For pneumococcal identification, each sample should have >10% of its mapped reads aligned against the typical pneumococcal lytA gene for further consideration for serotyping.
Sg, serogroup.
Of all 155 samples tested with the direct NGS method, 44 had amplified products after multiplex PCR for target enrichment and were subjected to NGS sequencing; 39 samples fulfilled the criteria for pneumococcal identification, giving a positivity rate of 25.2%. Thirty-eight of 39 samples fulfilled the criteria for prediction of serotypes and were mapped to a predominant serotype. In addition, two of these samples (samples 117 and 132) had sufficient numbers and percentages of reads to map against a second serotype. One sample (sample 95) had 24.4% of reads mapped against serotype 23A, 16.6% against serotype 19A, and 13.6% against serotype 10A/10B; however, as none of the serotypes had >500 reads mapped against the given type, this sample did not fulfill the criteria for serotype allocation.

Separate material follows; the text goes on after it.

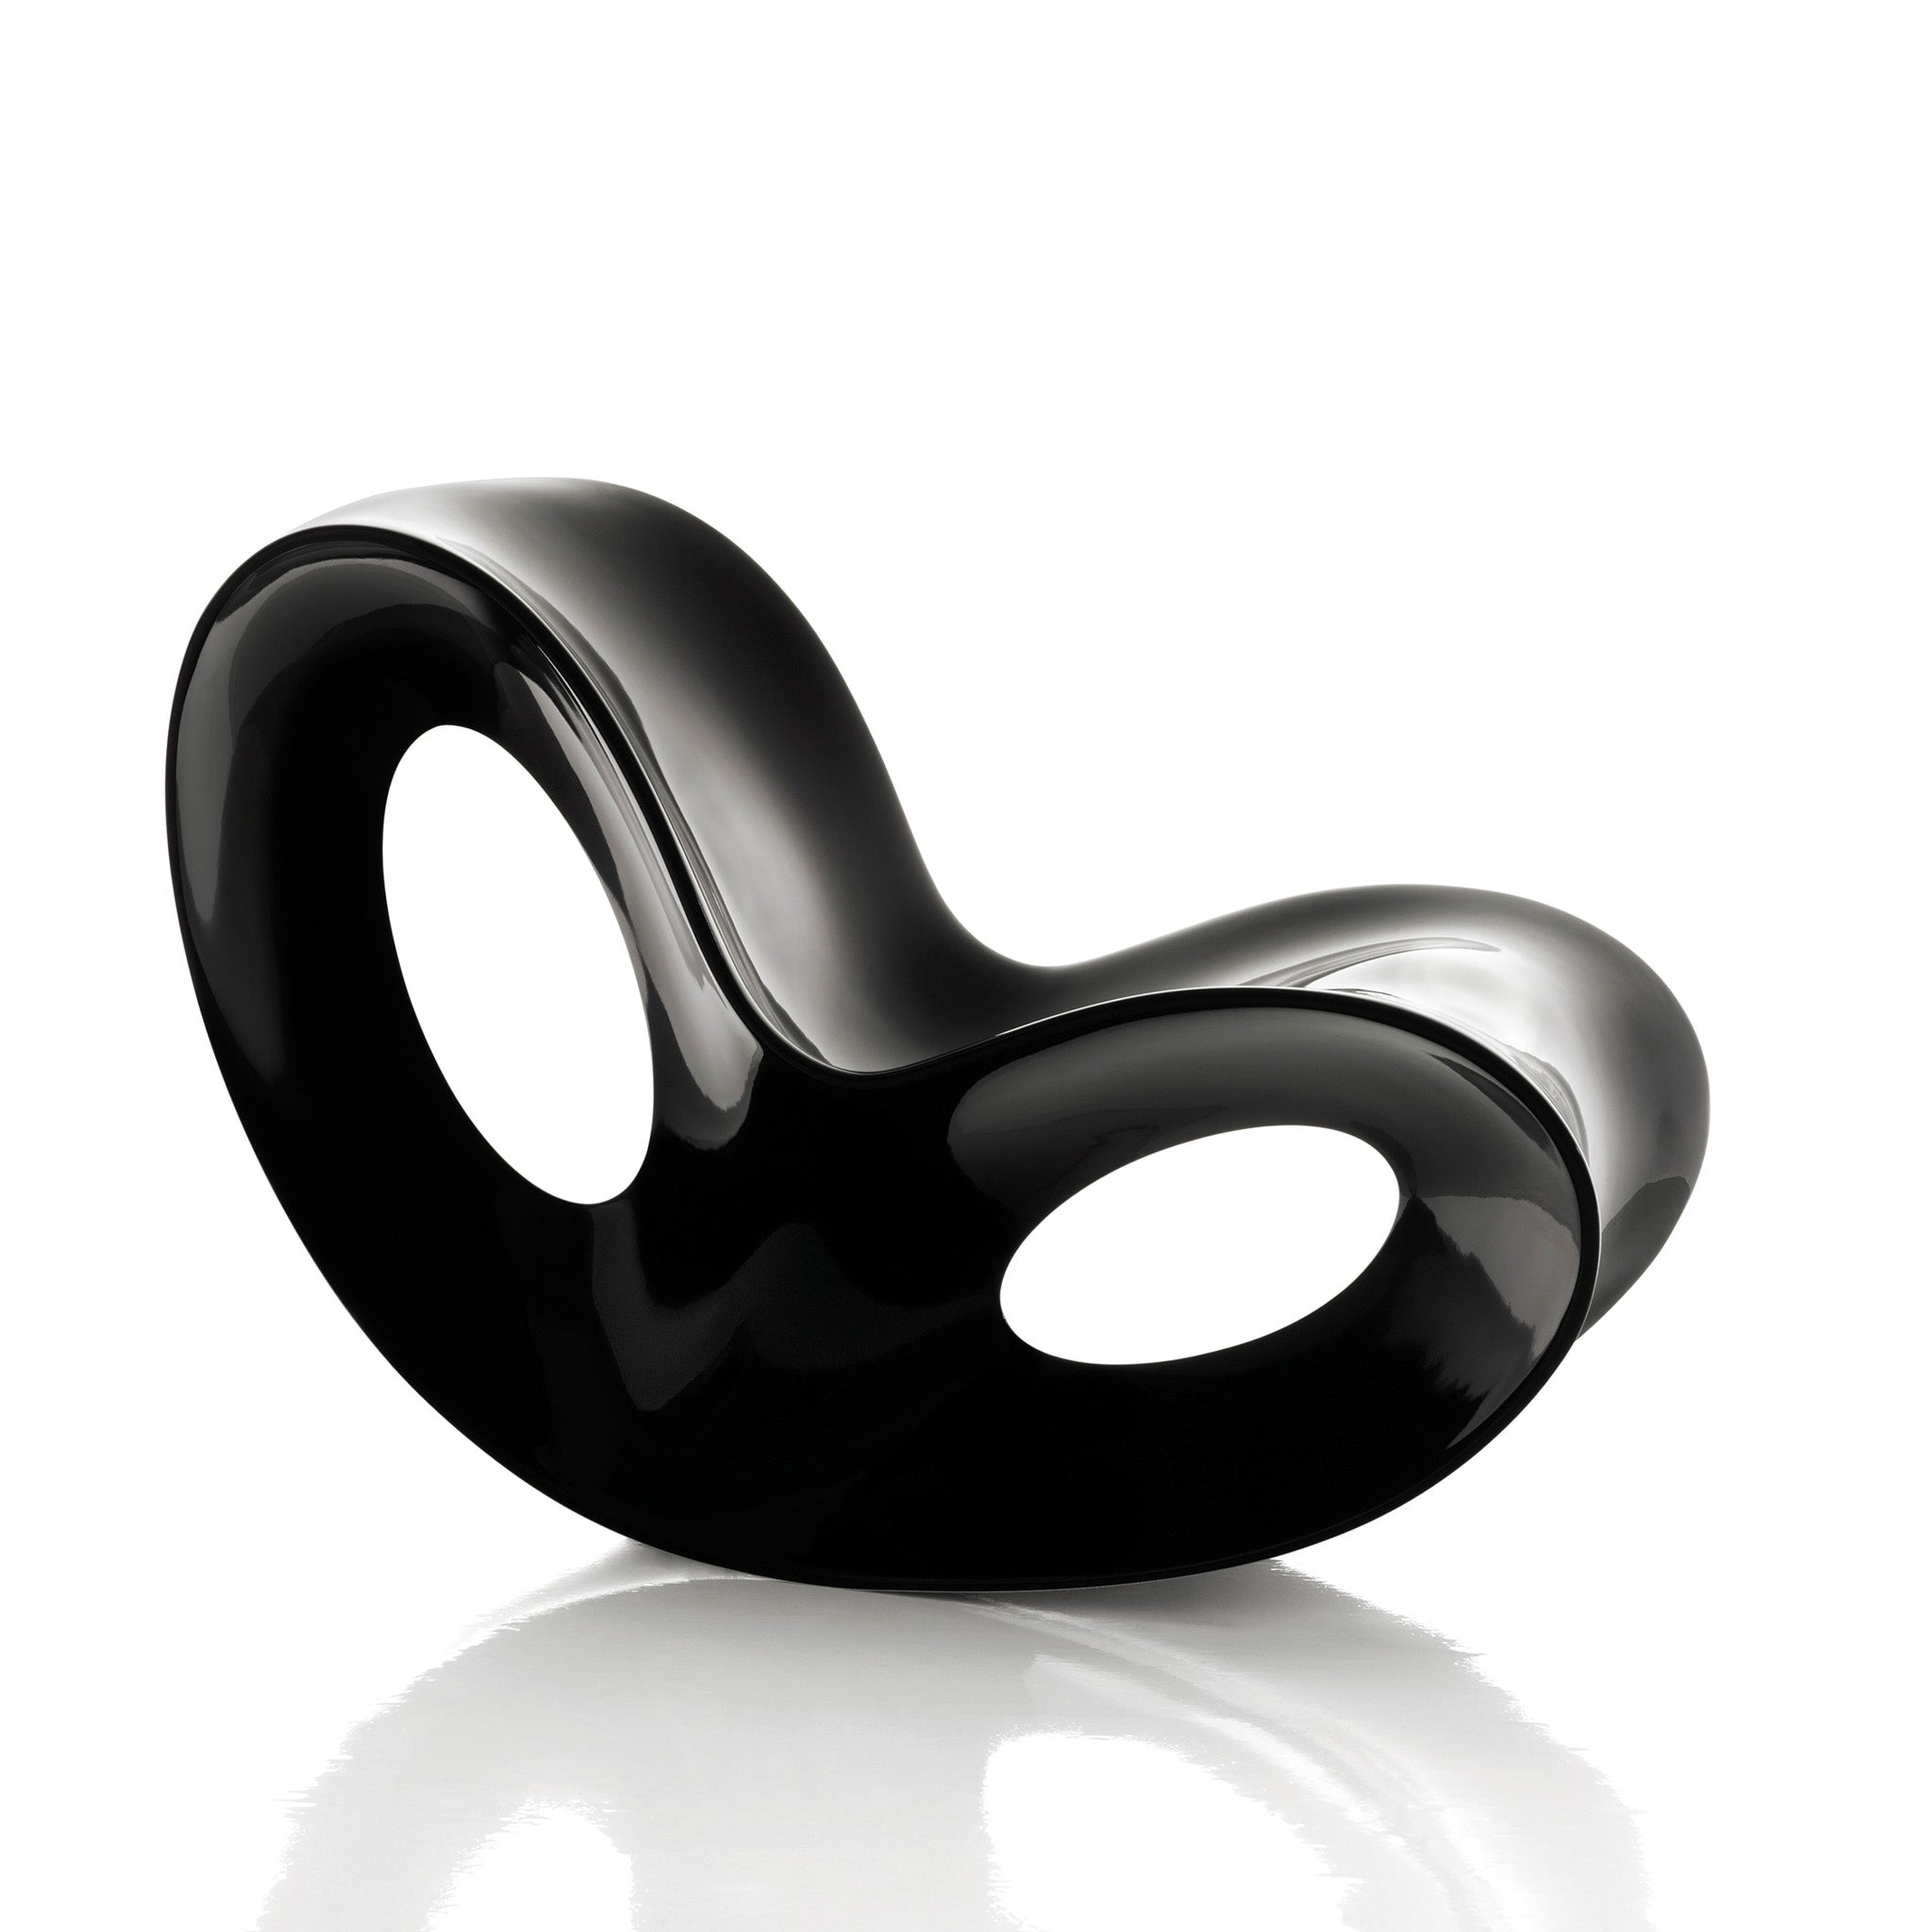 Voido Rocking Chair - Glossy by Magis

All 35 samples yielding S. pneumoniae from cultures were positive for S. pneumoniae by sweeps of primary culture DNA for NGS, and the results also corroborated the serotype predictions. However, only 34 of 35 samples were considered positive by the direct sample DNA NGS method (yielding a sensitivity of 97.4% versus sweep culture identification), as one sample (sample 152) did not meet the cutoff criterion and had only 8.3% of total mapped reads aligned to the typical lytA gene. Sample 95 did not meet the criteria for serotype allocation by either primary culture or the direct sample DNA NGS method.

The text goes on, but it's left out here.